One option available to us for this self-assertion is creativity, be it through the literal creation of life unique to women or the creativity of participating in agriculture or human cultural works. Fromm wrote,
“In the act of creation man transcends himself as a creature, raises himself beyond the passivity and accidentalness of his existence into the realm of purposefulness and freedom.”
The other, too often embraced by (many though certainly not all) men is destruction. As Fromm explained it:
“In the act of destruction, man sets himself above life; he transcends himself as a creature. Thus the ultimate choice for man, inasmuch as he is driven to transcend himself is to create or to destroy, to love or to hate….
“Creation and destruction, love and hate, are two instincts which exist independently. They are both answers to the same need for transcendence, and the will to destroy must rise when the will to create cannot be satisfied. However, the satisfaction of the need to create leads to happiness; destructiveness to suffering, most of all, for the destroyer himself.”
What makes a film like Nowhere particularly significant is the time it carves out to represent creative transcendence rather than destructive transcendence. More specifically, the lengthy representation of women’s creative birth-work and caretaking work pushes back against the popular cultural tendency to ignore or diminish the creative and frequently exploited labors of mothering. (We were treated to a clear instance of this denial of respect for women’s birth-work and agency when Bruce Perreault, in episode of five of the 45th season of Survivor, scoffed at learning women sometimes received “push presents” after giving birth. “Presents now for pushing out a baby?” He scornfully declared that the child was all the present women deserved.)

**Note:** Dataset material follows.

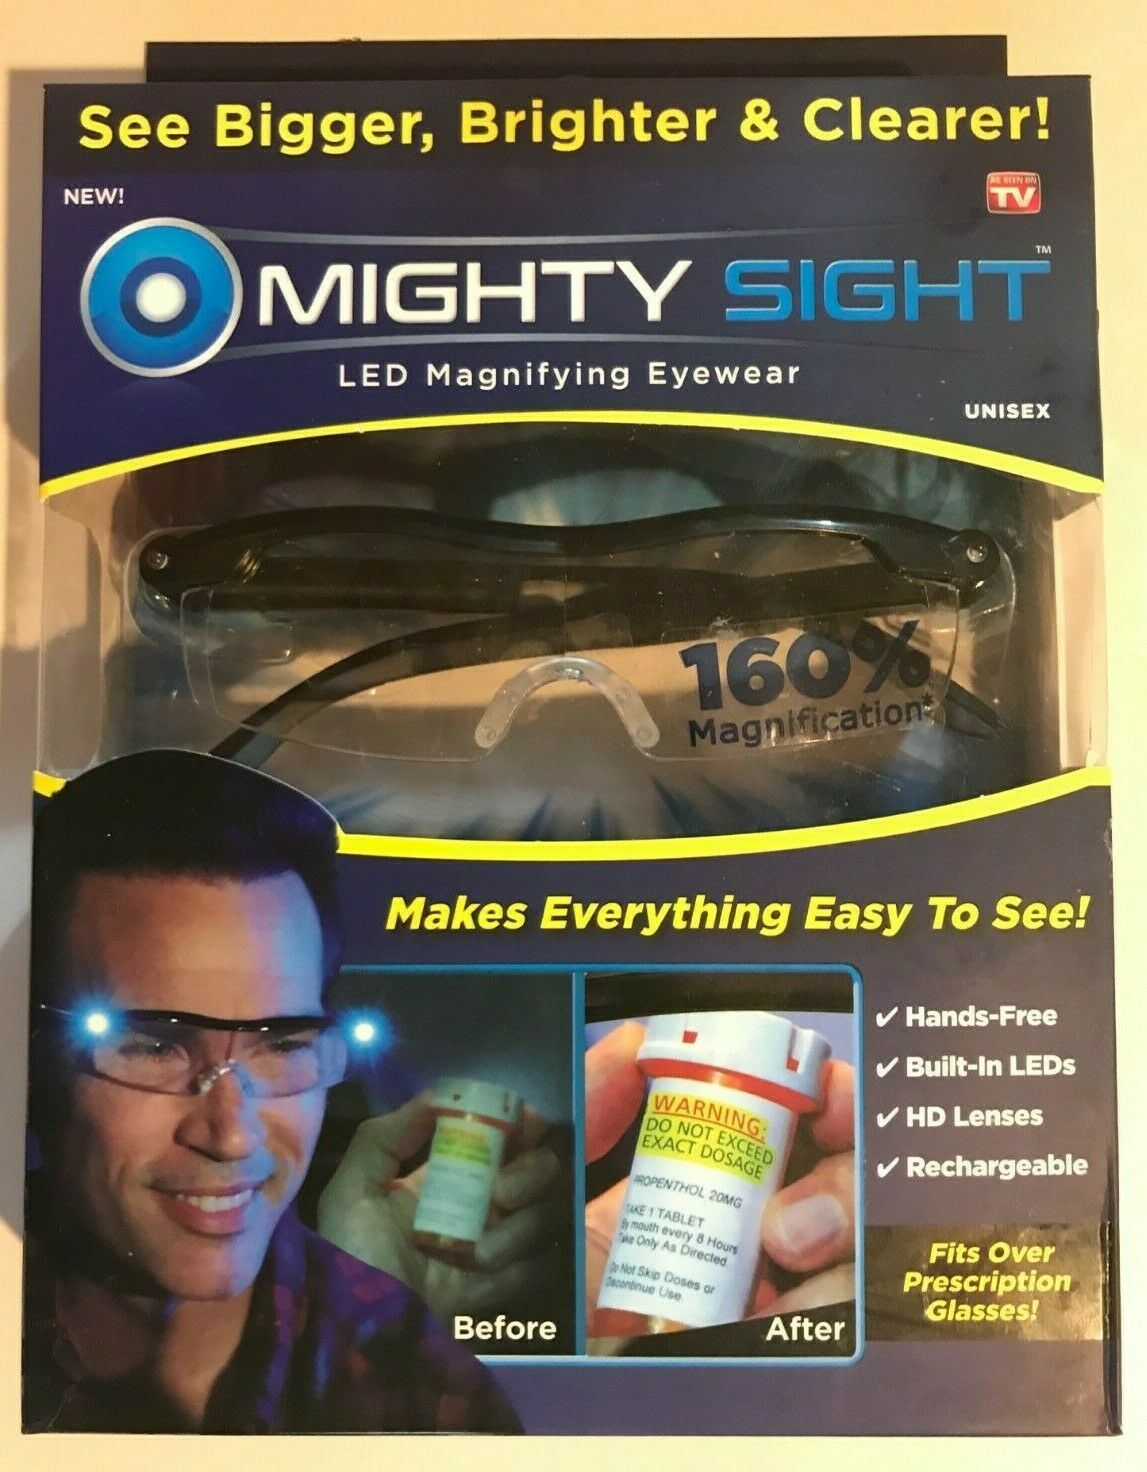 Mighty Sight Led Magnifying Eyewear Glasses Bigger Brighter Clear As Seen On Tv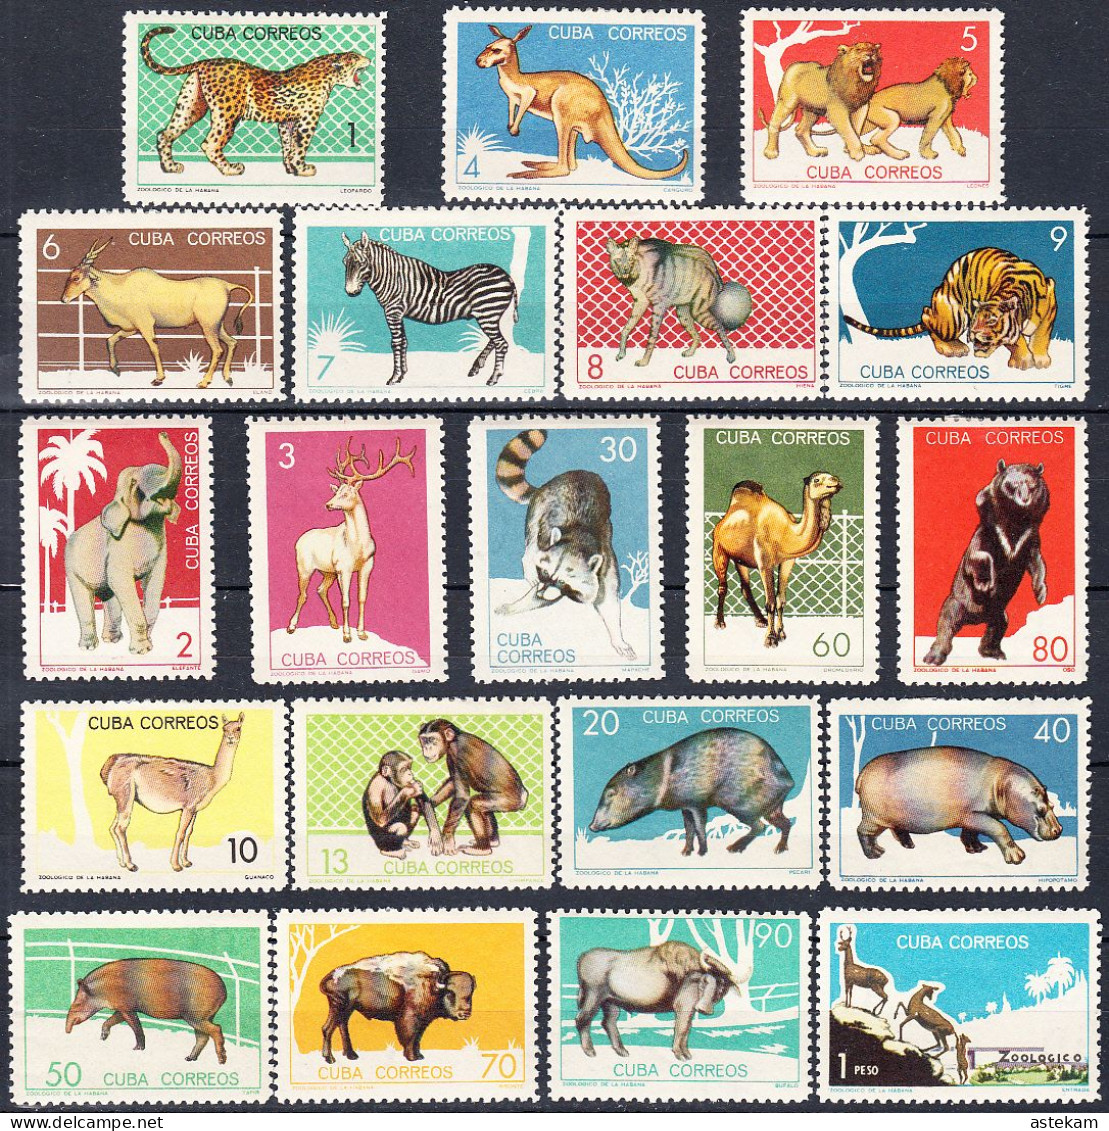 CUBA 1964, FAUNA, WILD ANIMALS From The HAVANA ZOO, COMPLETE MNH SERIES With ORIGINAL GLUE And PATCHES In GOOD QUALITY - Used Stamps

Representations of creative transcendence such as that depicted in Nowhere are also significant because they offer a unique alternative to the conventional narrative in which the story centers on responding to one form of destructiveness—an invasion of evil aliens, the rise of an evil dictatorship—with yet another form of destructiveness—killing the evil aliens or violently overthrowing the dictatorship. That destruction is sometimes necessary is one thing; that it is invited to stand at the center of our adventurous and dramatic narratives of life, above and with greater fanfare than life-affirming and nurturing creativity, is quite another matter. In place of such storylines, Nowhere (and A Quiet Place), make significant space to highlight the prospects of achieving transcendence—be it the transcendence of adversity or disaster or the transcendence of human accidentalness—through creativity and love. Such stories are worth telling again and again.